Video games have continued to wage their never-ending war on the youth of this great nation. I have forgot one of the earliest battles that they launched to destroy the lives of parents, this attack attacked them at home, right at their kitchen table.

When “Super Mario Bros. 2 “came out it was an instant success, what people didn’t realize is that it was teach children that vegetable can and will kill you.

It seemed pretty innocent at first, I mean Mario never did anything too harmful to children in his first game, but he struck hard in his second attempt. Almost as if Mario had played coy in his first game to grab a greater hold on children before they warped his minds. He was a wolf in sheep’s clothing.

Think about it all those kids hucking beets and radishes at every moving object in the game, killing left and right. The freshest vegetables plucked straight from the ground, those were the ones that were most powerful.
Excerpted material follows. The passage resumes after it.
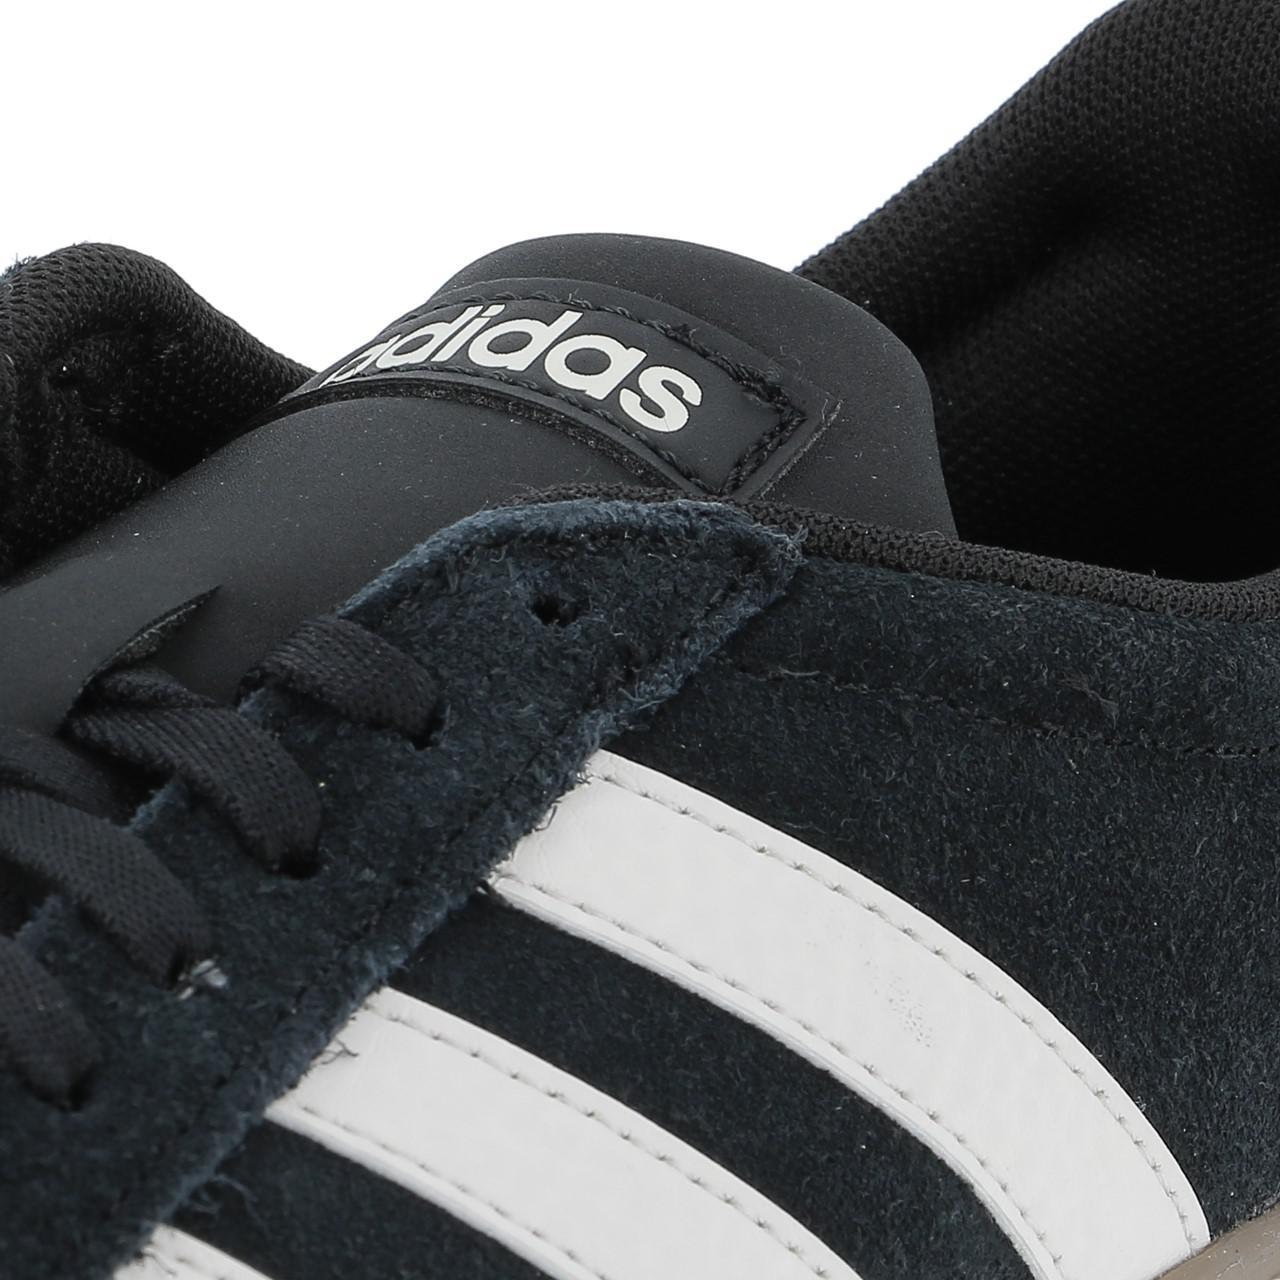 CHAUSSURES MODE VILLE Adidas Vl court 2.0 noir gomme Noir

Just imagine what kids were doing at the dinner table? Throwing peas and carrots at each other, taking handfuls of mashed potatoes and smooshing them into there kids sisters hair. Vegetables weren’t for eating they were fighting. They were the bullets in the war of the dinner table.

Too many meals ended by children being sent to their room, and unable to recount the school day’s event over some nice meatloaf or potato chip cover casserole.

The chaos has almost destroyed the family meal, forcing parent to move dinner into the living room and in front of the TV. Thank god that TV is able to settle unruly children and keep the good china safe, but it’s couldn’t get kids to eat their vegetables.

Yes, the final boss ingrained in the fragile little minds that eating more than five vegetables would bring about an early grave.

All it took for Mario, Luigi, Toad and Peach to end the life of a powerful video game villain is to have him eat six bites of vegetables. These must be some powerful poisons, and kids learned that fast.

They just stopped eating vegetables all together - so thousands of thousands of deserts went uneaten. Parents then stopped making them homemade, and started buy ice cream novelties and snack cakes in order to stop wasting food. This brought about the end of a fresh-made piping-hot American apple pie, or time consuming painstakingly created devil’s food cake.

Video games did all this. This was one of the first battles, and sadly the American public lost this fight, but it never seemed to be one that they could win. Mario was just too powerful.